Career highlights and awards
- All-Star (1995);

Medals
Men's baseball
Representing United States
Olympic Games
| Gold medal – first place | 1988 Seoul | Team |
Baseball World Cup
| Silver medal – second place | 1988 Rome | Team |
Intercontinental Cup
| Silver medal – second place | 1987 Havana | Team |

= Mickey Morandini =

American baseball player (born 1966)

Michael Robert "Mickey" Morandini (born April 22, 1966), is an American former professional baseball second baseman and coach, who played in Major League Baseball (MLB) for the Philadelphia Phillies, Chicago Cubs, and Toronto Blue Jays. His career highlights include selection as a National League (NL) All-Star, playing for the Phillies in the NL Championship Series and World Series, and appearing for the Cubs in the NL Division Series.

==Early life and career==
Morandini grew up in the Pittsburgh suburb of Leechburg, Pennsylvania, where he attended Leechburg Area High School. After graduation, Morandini attended Indiana University, where he started his college career as a center fielder, moving to the infield as a third baseman and shortstop after his freshman year.

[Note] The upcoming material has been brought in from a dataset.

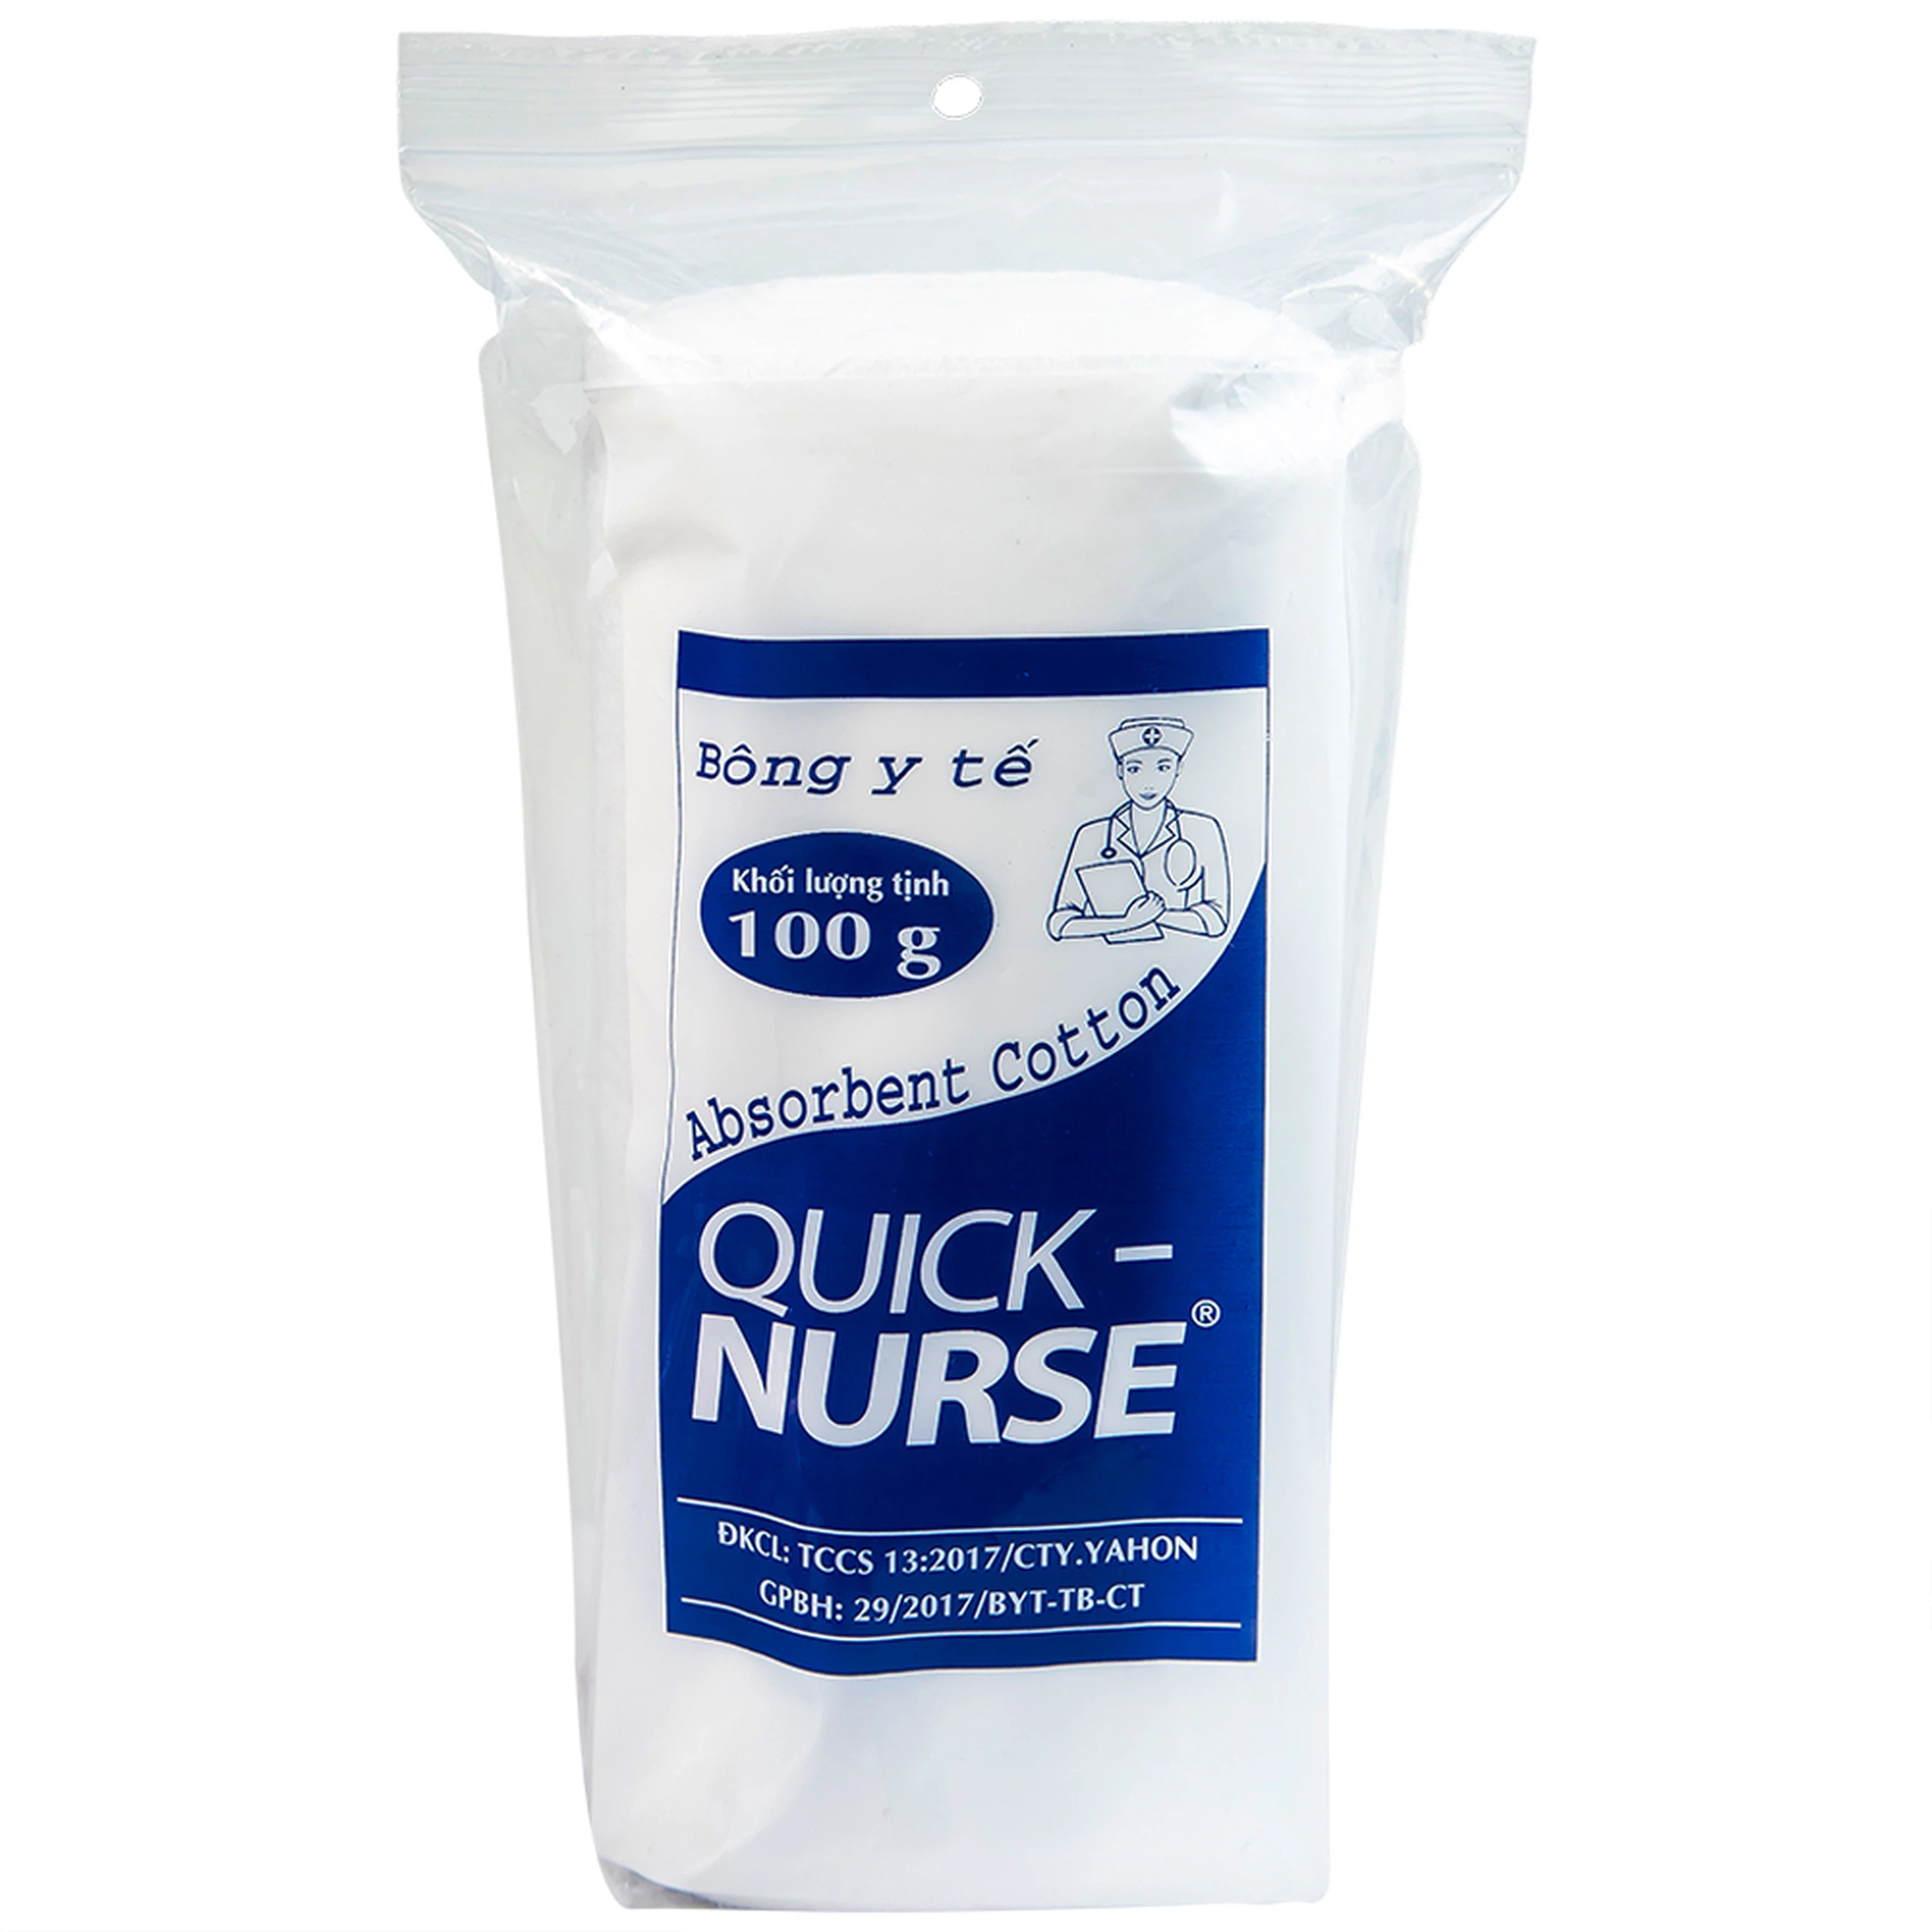 Bông y tế Quick Nurse 100g dùng cho vết thương ngoài da, sát trùng, vệ sinh cho bé (Gói)

In 1987, he played collegiate summer baseball in the Cape Cod Baseball League (CCBL) for the Yarmouth-Dennis Red Sox, winning the league batting title, and being named league MVP. In 2005, he was inducted into the CCBL Hall of Fame.

Morandini declined the option to enter the Major League Baseball draft in 1987, citing his desire to play for the United States national team in the 1988 Summer Olympics in Seoul, South Korea. After appearing in one game during the Olympics, he returned to Indiana for his senior season; he was named a second-team All-American for the 1988 season.

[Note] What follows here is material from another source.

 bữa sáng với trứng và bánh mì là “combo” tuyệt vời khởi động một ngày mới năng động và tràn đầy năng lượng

Morandini graduated as the Indiana University record-holder in several statistical categories, including runs scored (277), doubles (61), triples (29), and stolen bases (127). The Philadelphia Phillies selected Morandini in the fifth round of the 1988 Major League Baseball draft.

===Minor leagues===
After drafting Morandini, the Phillies assigned him to the Spartanburg Phillies, one of their A-level affiliates in Spartanburg, South Carolina. He played in 63 games for Spartanburg in 1989, batting .338 with 19 doubles, earning him a promotion to the high-A Clearwater Phillies. In Florida, he notched 19 hits and 14 runs scored in 63 at-bats; he also batted in four runs. Finishing the season with the AA-level Reading Phillies, Morandini hit 5 home runs in 188 at-bats, posting a .351 average. Morandini won the 1989 Paul Owens Award as the top minor league position player in the Phillies organization. Morandini committed 22 errors in his first professional season as a shortstop and with Dickie Thon playing shortstop at the major league level, the Phillies organization shifted him to his eventual major league position, second base during the 1989 Florida Instructional league season.

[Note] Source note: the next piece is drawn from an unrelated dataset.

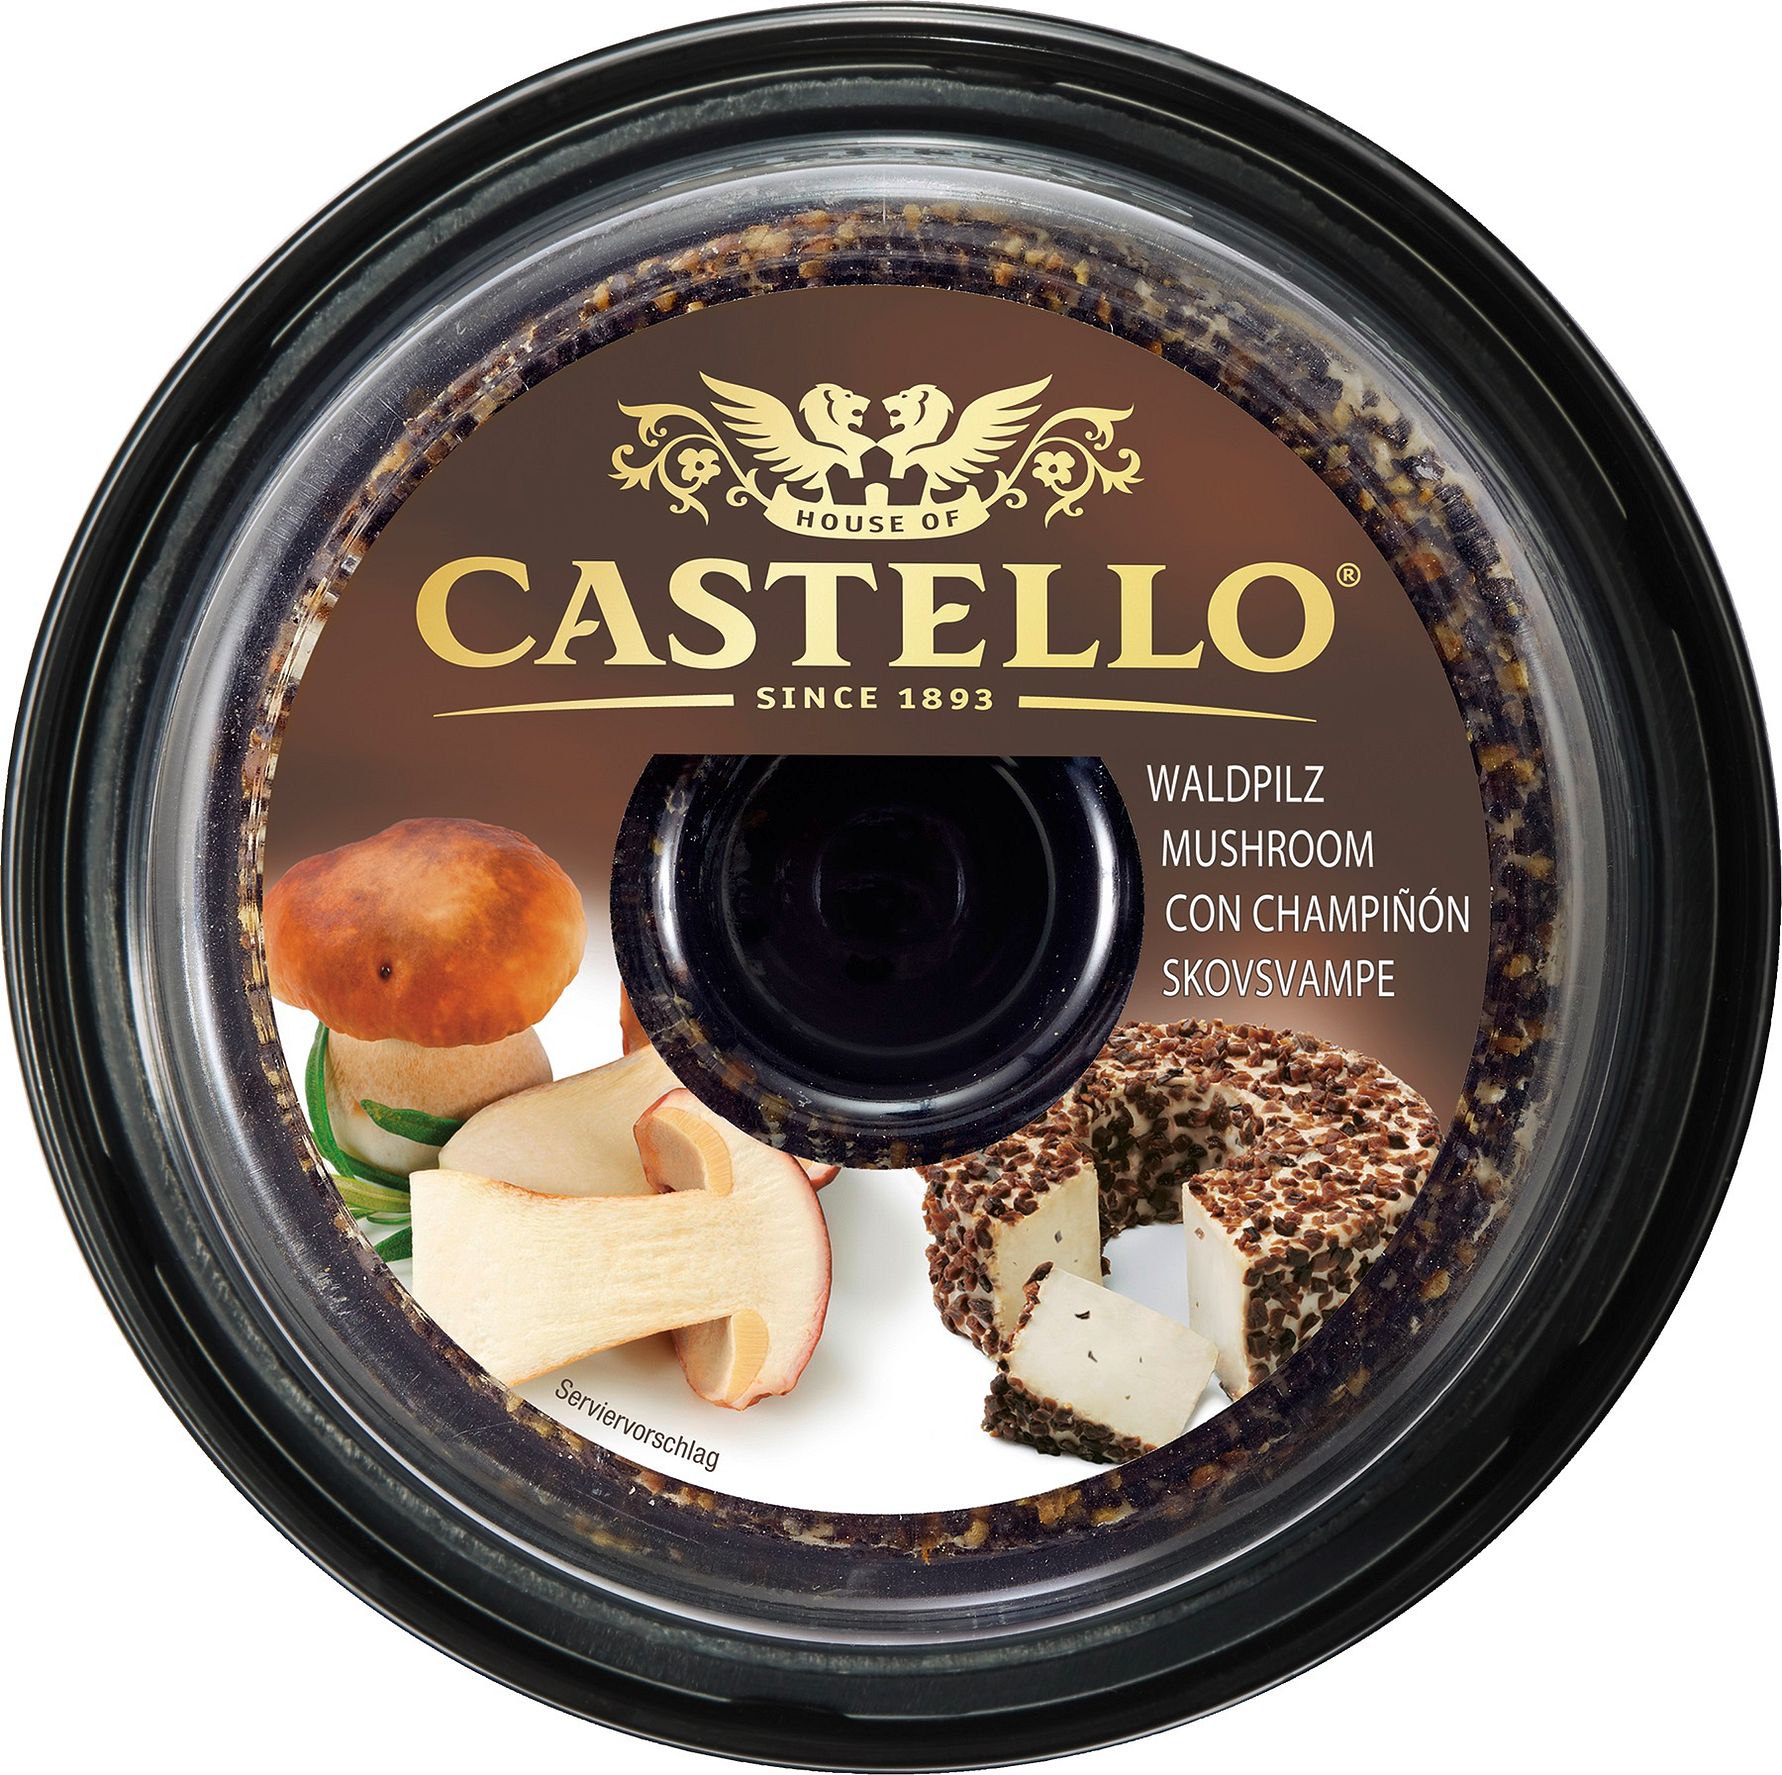 Castello® sorgt mit Saisonkonzept  für neue Impulse im Frischkäse-Segment

Morandini spent the majority of the 1990 season with the AAA Scranton/Wilkes-Barre Red Barons. While playing in 139 games, he stole 16 bases and batted in 31 runs in 503 at-bats. He also batted .260 and scored 76 runs. During this season, Morandini was named 41st out of the top 50 prospects in Major League Baseball by Baseball America. The move to second base improved his fielding percentage greatly; Morandini cut his errors in half in only one season, posting 11 with Scranton/Wilkes-Barre. He also earned a short promotion to the major league club; he played in 25 games, hitting 4 doubles and 1 home run in 87 plate appearances.

==Major league career==

===1990–1997: Philadelphia Phillies===
After a short stint in Scranton to start 1991, Morandini returned to the major leagues for the remainder of his career. He amassed four triples and thirteen stolen bases in his first full season, highlighting his speed. The following season produced one of the most memorable moments of Morandini's career. In a game against the Pittsburgh Pirates on September 20, 1992, he turned an unassisted triple play. In the sixth inning, Morandini caught a line drive off of the bat of Jeff King, touched second base to put out Andy Van Slyke, and tagged out Barry Bonds coming from first base; the Pirates went on to win the game, 3–2, in extra innings. It was the first unassisted triple play since 1968, and the first in the National League since 1927. Morandini was also the first second baseman in National League history, and the first in the regular season, to turn an unassisted triple play; all previous occurrences were made by first basemen or shortstops. The only other second baseman to achieve the feat prior was Bill Wambsganss, who turned a triple play in the 1920 World Series.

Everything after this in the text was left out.